A decision of the Employment Court illustrates the difficulties associated with discrimination in employment on the basis of age.
In a comparatively recent era, concepts such as compulsory retirement were commonplace within the New Zealand employment environment. Such concepts were, however, effectively made redundant by the introduction of human rights legislation in the early 1990s.
The issues associated with the effect of age on employment are complex. The recent decision of the Employment Court in Smith v Air New Zealand Limited (Unreported, Employment Court Auckland, 12 December 2000, Judge Colgan) illustrates some of the potential difficulties in this area.
Mr Smith was a highly skilled and experienced commercial airline pilot who had been flying various types of aircraft since 1964. Since 1982 he had flown international aircraft for Air New Zealand as a captain.

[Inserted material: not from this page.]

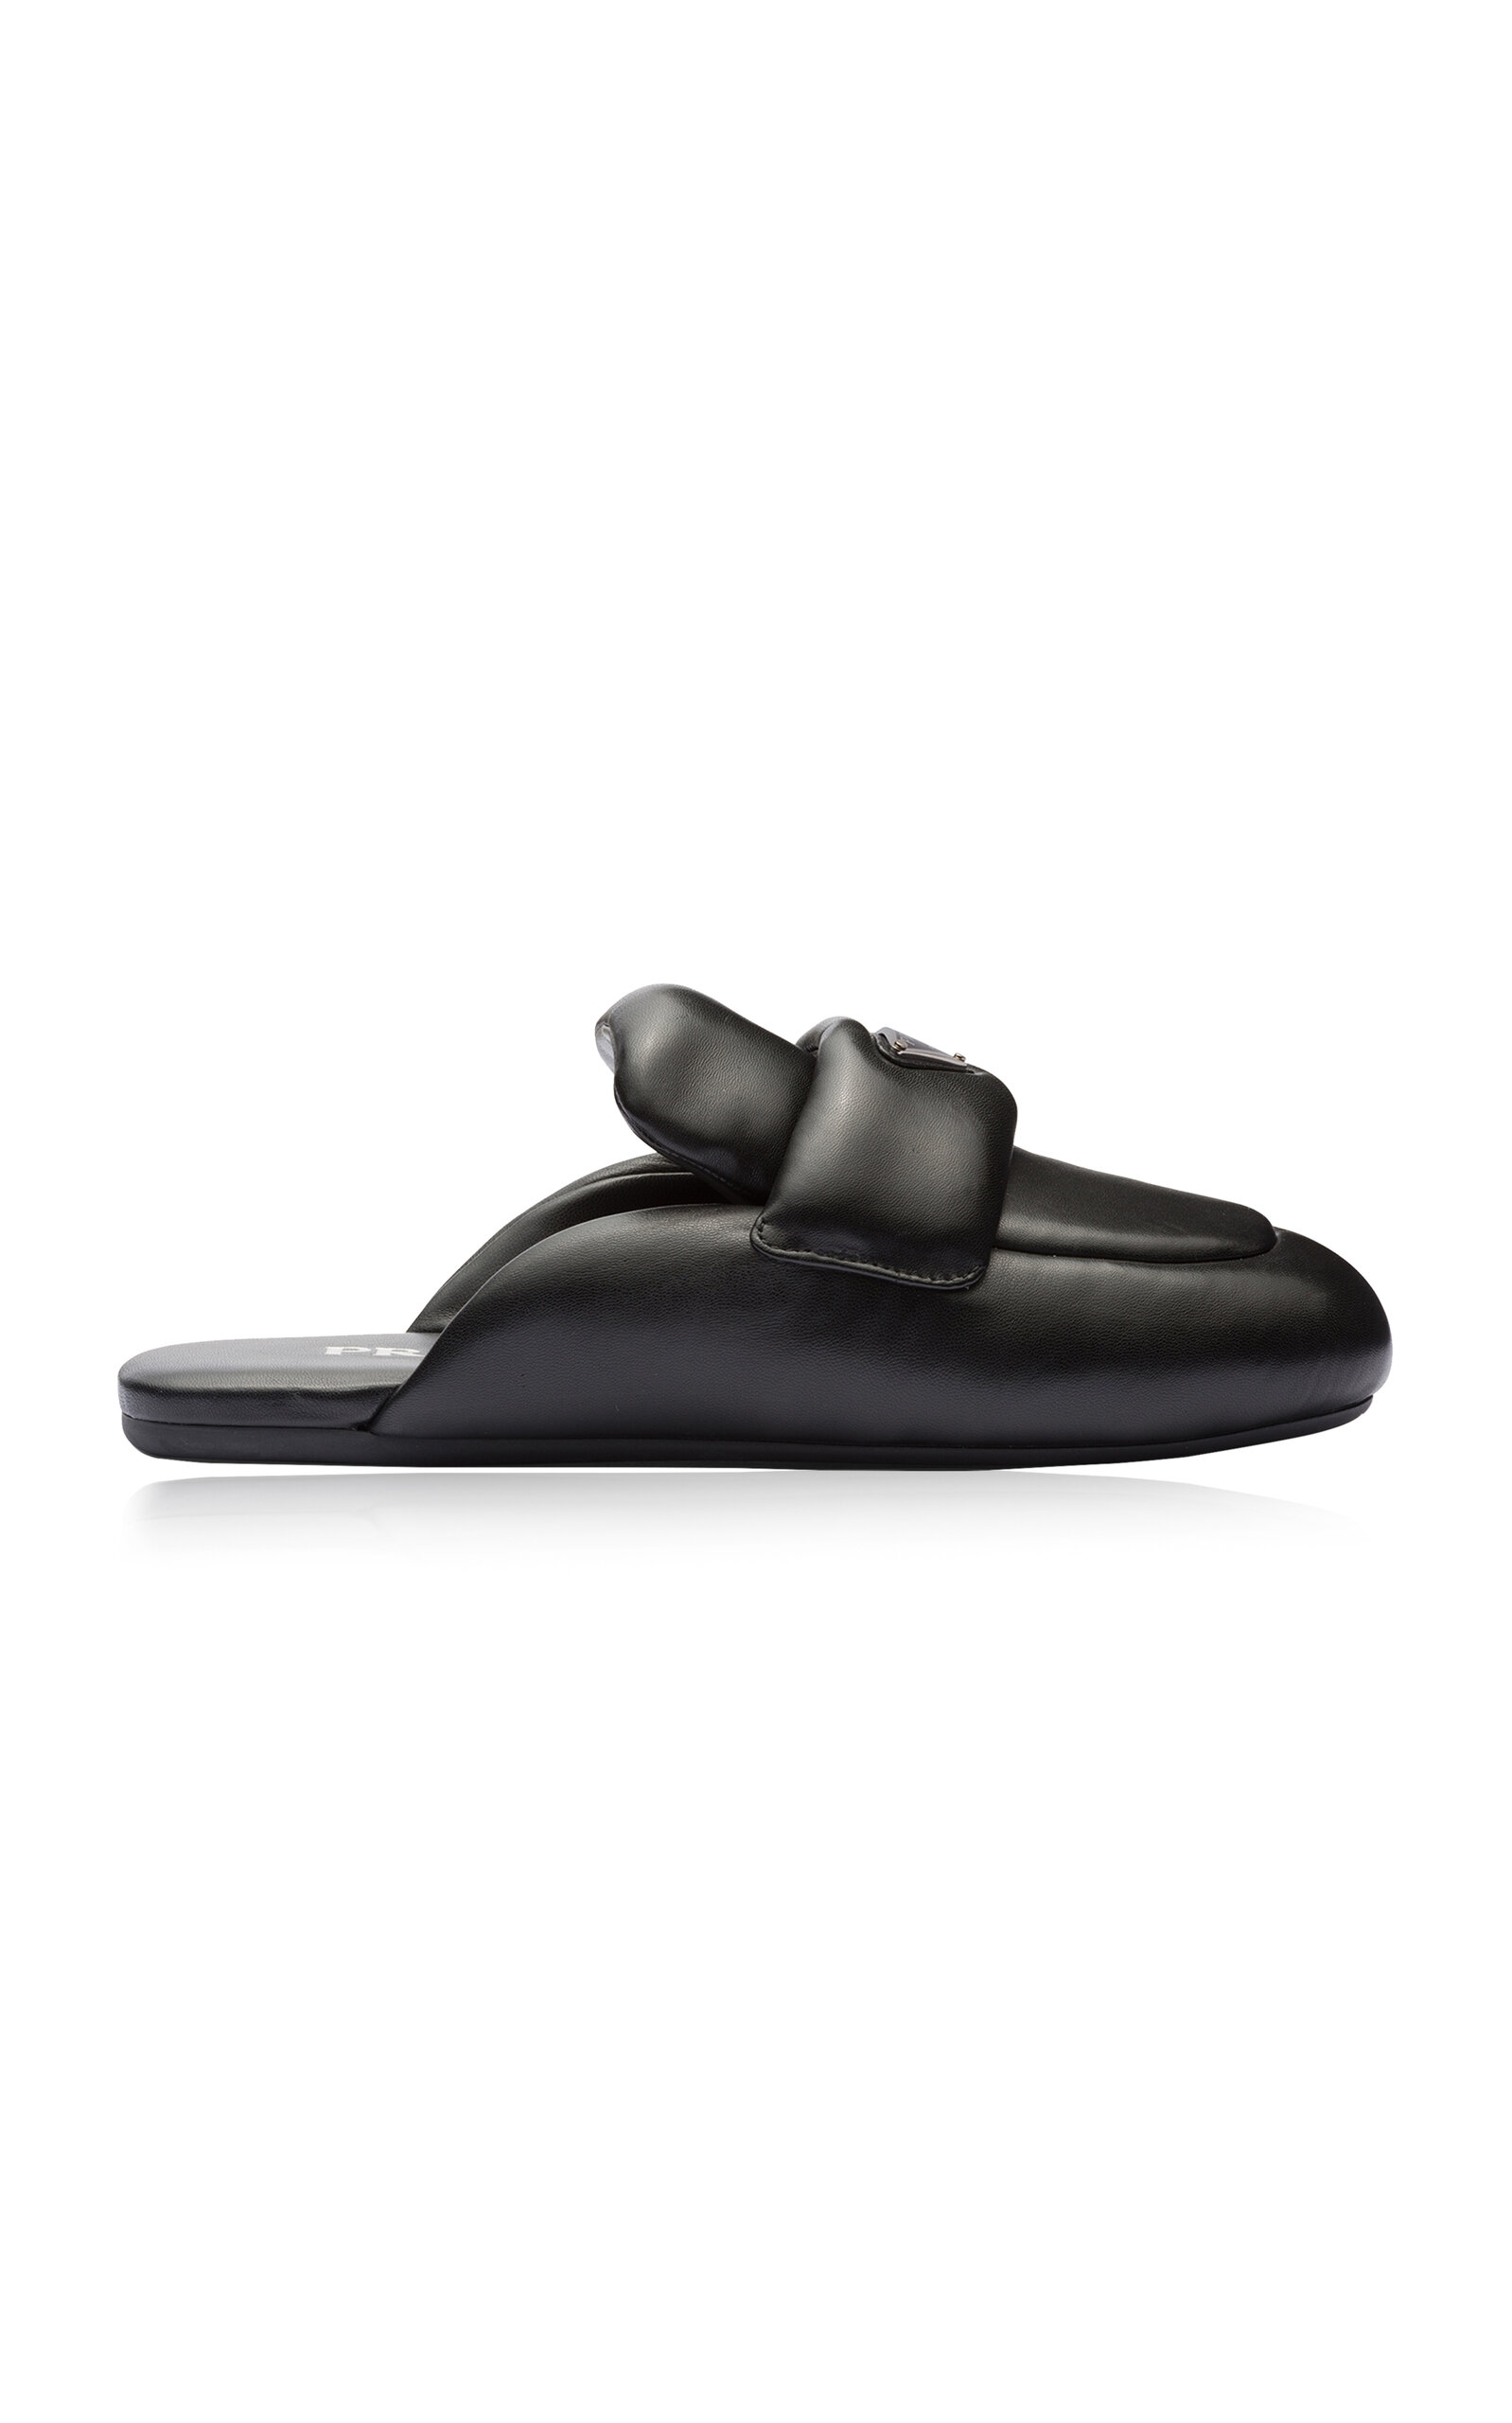 Prada - Padded Leather Loafer Mules - Black - IT 35 - Moda Operandi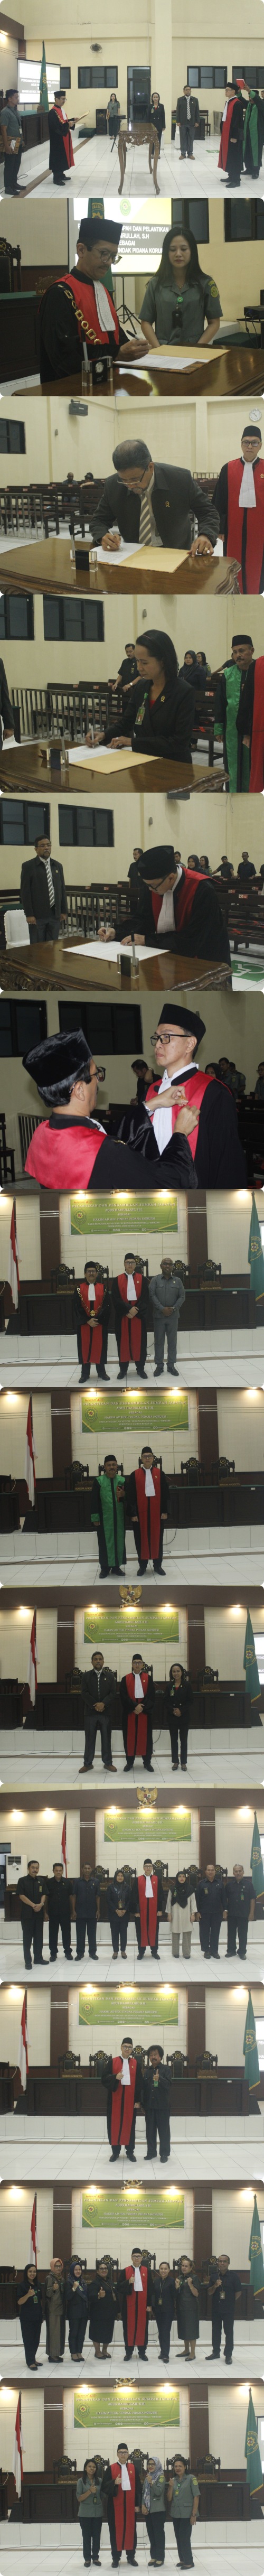 Pelantikan Hakim Ad Hoc Bapak Agus Hairullah S

In 1999 Mr Smith turned 60 - a fact which proved problematic for his employer. Domestic regulations in many overseas countries (including several Pacific Island nations) precluded aircraft being flown by pilots over the age of 60. As a result, the international routes that Mr Smith could fly were automatically curtailed: he was unconditionally prevented from flying an aircraft to a number of nations and in respect of certain other nations he would only be allowed to fly with a special dispensation. Restrictions of this type were not, however, imposed by either Australia or New Zealand.The combined effect of these different restrictions meant, therefore, that the only international routes that Mr Smith could fly (at least without the need for special dispensation) were between destinations within Australia and New Zealand.
That outcome was, however, problematic of itself. The aircraft which Mr Smith had piloted for a number of years was the largest maintained by Air New Zealand - the 747-400. That aircraft was used extremely infrequently between Australia and New Zealand. Most trans-Tasman flights involved the use of a smaller aircraft - the Boeing 737-300. In the ordinary course of events, it was not possible for a pilot to make a "downward" move to pilot a smaller aircraft (although it was accepted that Air New Zealand had a discretion to allow such a move).
In the event, Air New Zealand argued that after Mr Smith turned 60 it was effectively prevented from allowing him to continue in his career as an international pilot and that his employment contract had become frustrated. Mr Smith argued that this stance was contrary to the Human Rights Act, and that Air New Zealand had discriminated against him on the basis of his age.
Section 21 of the Human Rights Act 1993 provides that age is a "prohibited ground of discrimination". Section 22 provides that where an employee is "qualified for work" an employer may not offer the employee less favourable conditions or opportunities, or subject the employer to any detriment, on the basis of any prohibited ground of discrimination. The Act does, however, contain certain exceptions in relation to age. Section 26 provides that different treatment on the basis of age may be allowed in respect of work which is performed wholly or mainly outside of New Zealand and where the laws or customs of the country in which work is performed contain a restriction based on age. Section 30 provides that it shall not be regarded as discrimination for an employer to distinguish on the basis of age where a genuine occupational qualification requires a certain age, or where reasons of safety justify such a distinction.
Judge Colgan held that that Air New Zealand could not rely upon the exceptions provided in the human rights legislation, and concluded that the company had unfairly discriminated against Mr Smith on the basis of his age. His Honour found that Mr Smith had been employed generally as a "Pilot in Command" (as opposed to being specifically qualified for a particular type of aircraft) and that his employment contract had not been frustrated simply because of his inability to fly certain international routes after he turned 60: Mr Smith could have flown trans-Tasman routes (or he could have worked alternatively as a First Officer). Judge Colgan held that Mr Smith had effectively been suspended without pay because he had turned 60, and that action had not been justified by the statutory exceptions because, amongst other things, Air New Zealand could have rostered him in alternative roles.
The outcome of the case was, therefore, a finding that Air New Zealand had breached Mr Smith's employment contract by not rostering him to work after his 60th birthday. Air New Zealand was ordered to pay damages to Mr Smith in an agreed sum representing lost wages. Further, the company was ordered to pay Mr Smith general damages of $10,000.
This case serves to underline an important restriction about which many employers may not be aware: discrimination on the basis of age will only be permitted in a limited range of situations. Where external requirements may allow restricted participation in employment because of age an employer must investigate all feasible options which would have the effect of allowing an employee to remain in employment. A failure to take these steps may result either in a personal grievance or in an action under the human rights legislation.